Your response is a verbatim copy of the listing, stripped of its images.

(Supplied material begins)

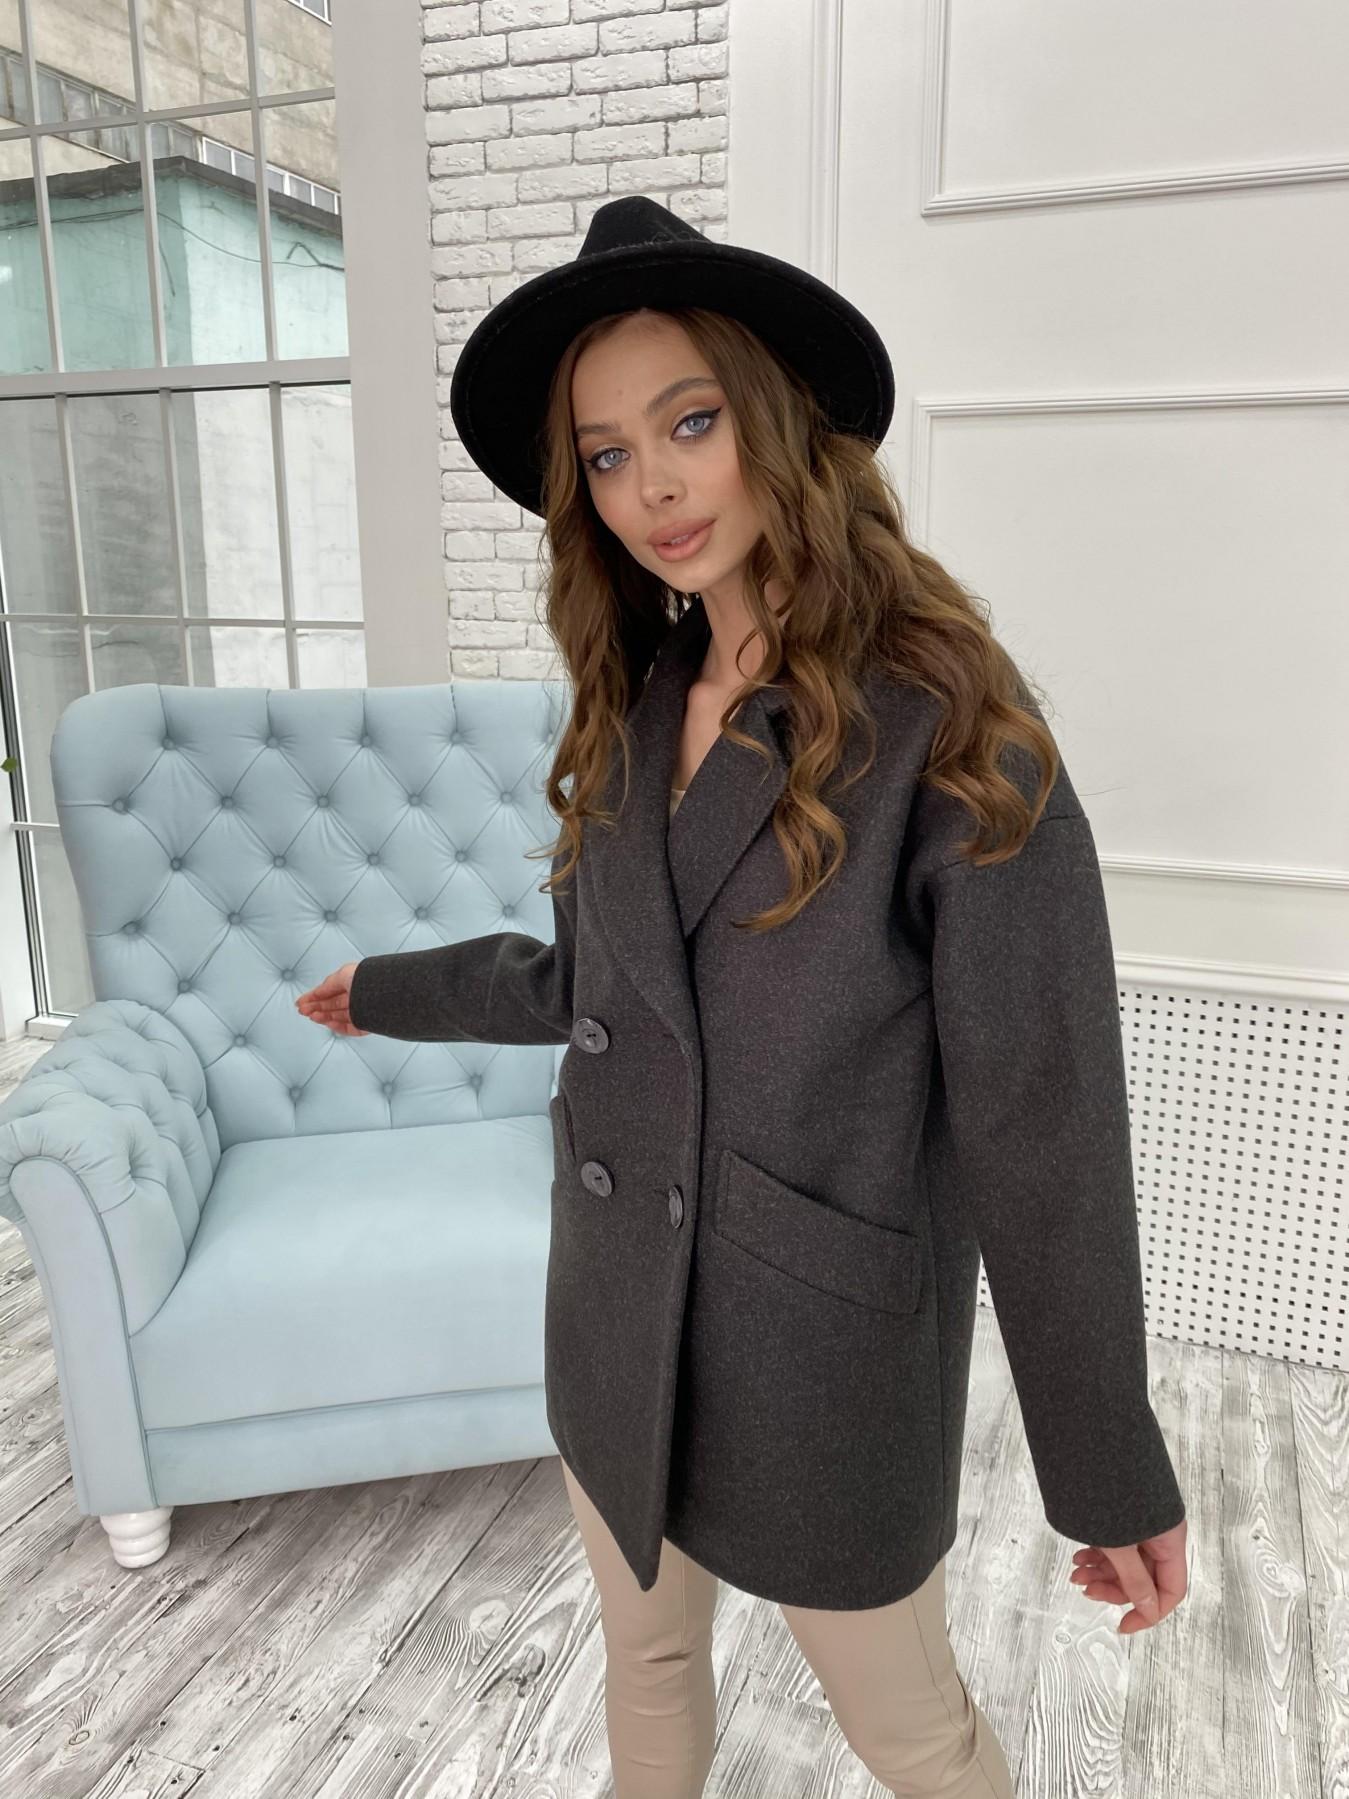 Бонд пальто  кашемировое меланж на трикотаже  10644 АРТ. 47183 Цвет: Черный меланж - фото 2, интернет магазин tm-modus.ru
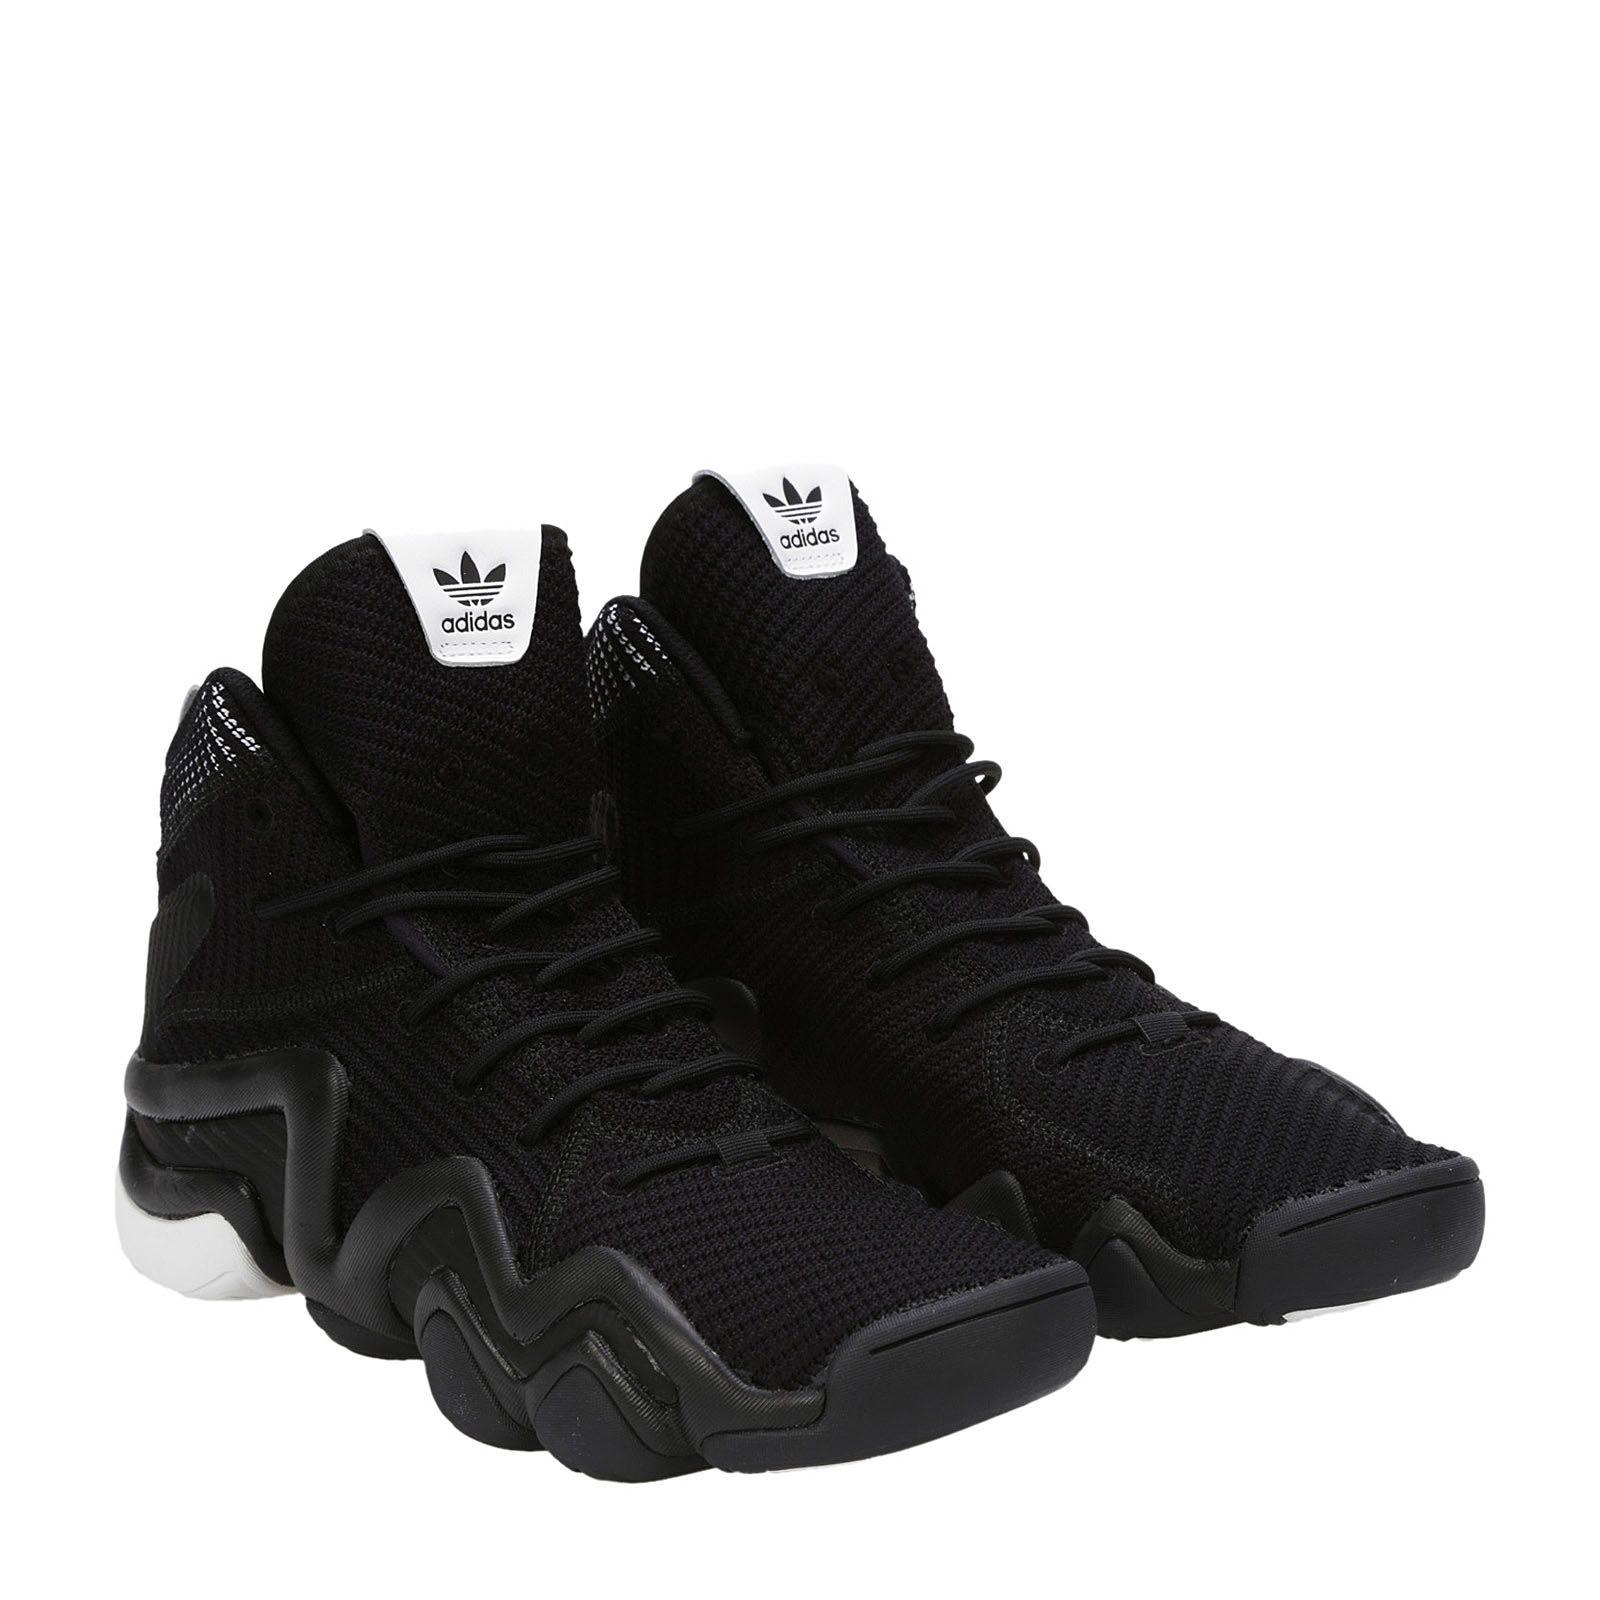 Adidas 8 Originals Sneakers Adidas Originals Originals Crazy 8 Adv Pk Sneakers CORE d22d02f - allpoints.host
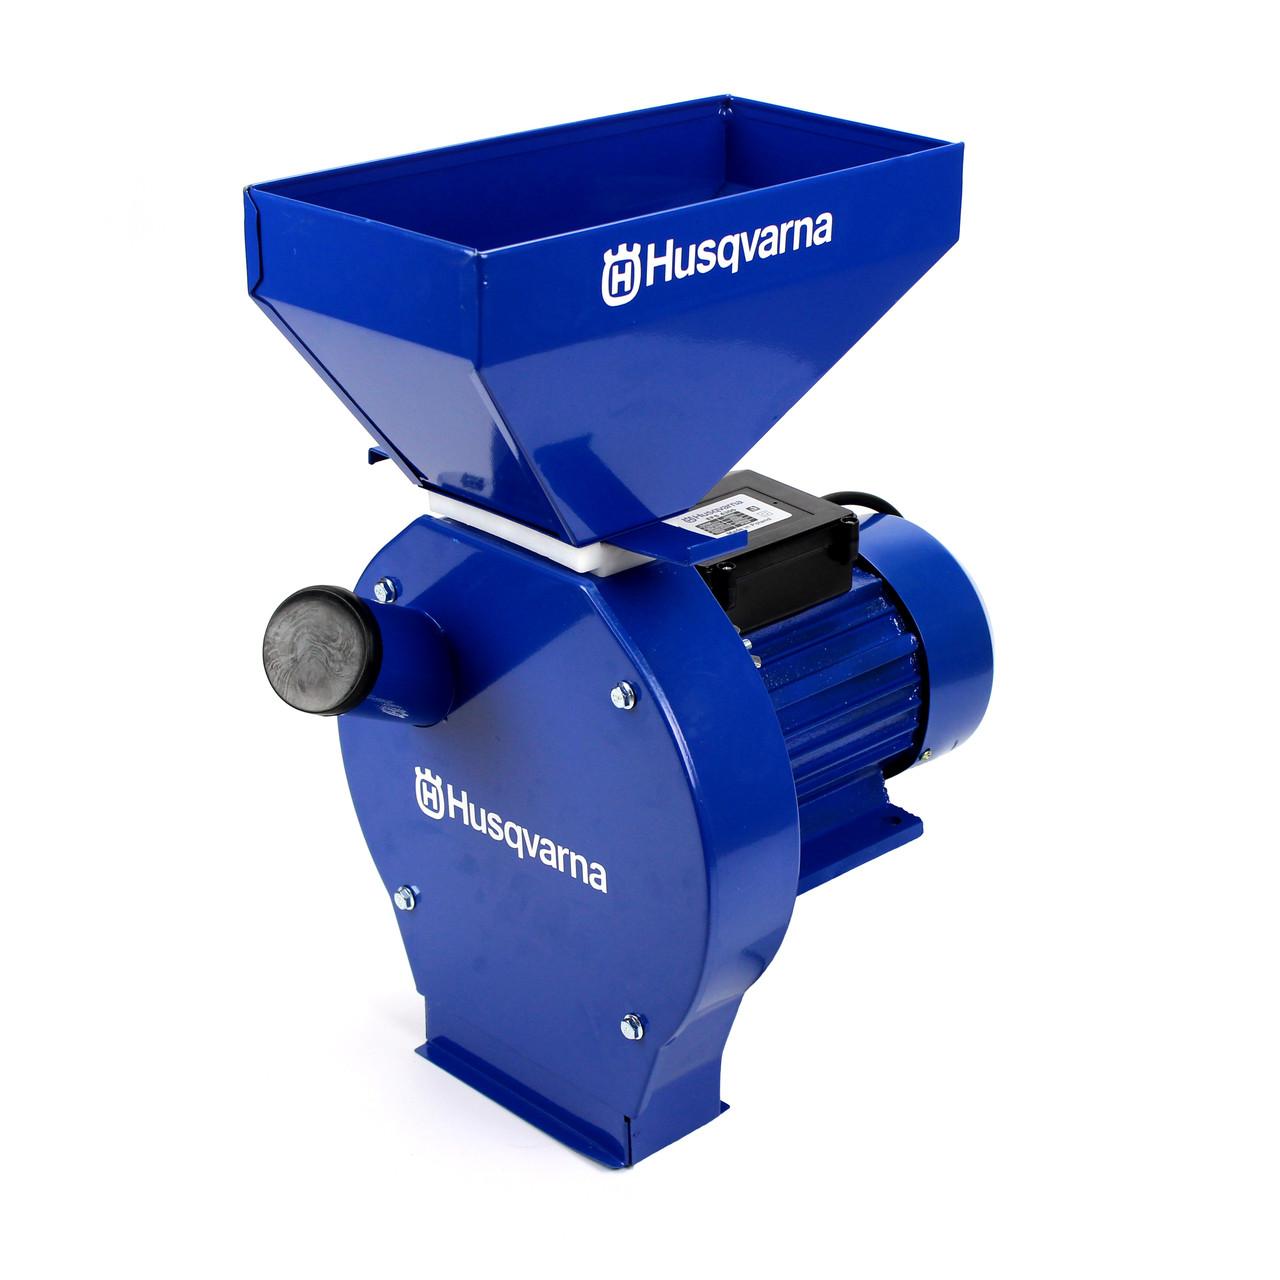 Зернодробарка Huaqvarna EFS 4300 (4.3 кВт, 320 кг/год). Кормоізмельчітель для зерна і качанів кукурудзи

(Supplied material ends)

**Answer space**.
 Бонд пальто  кашемировое меланж на трикотаже  10644 АРТ. 47183 Цвет: Черный меланж - фото 2, интернет магазин tm-modus.ru
 Adidas 8 Originals Sneakers Adidas Originals Originals Crazy 8 Adv Pk Sneakers CORE d22d02f - allpoints.host
 Зернодробарка Huaqvarna EFS 4300 (4.3 кВт, 320 кг/год). Кормоізмельчітель для зерна і качанів кукурудзи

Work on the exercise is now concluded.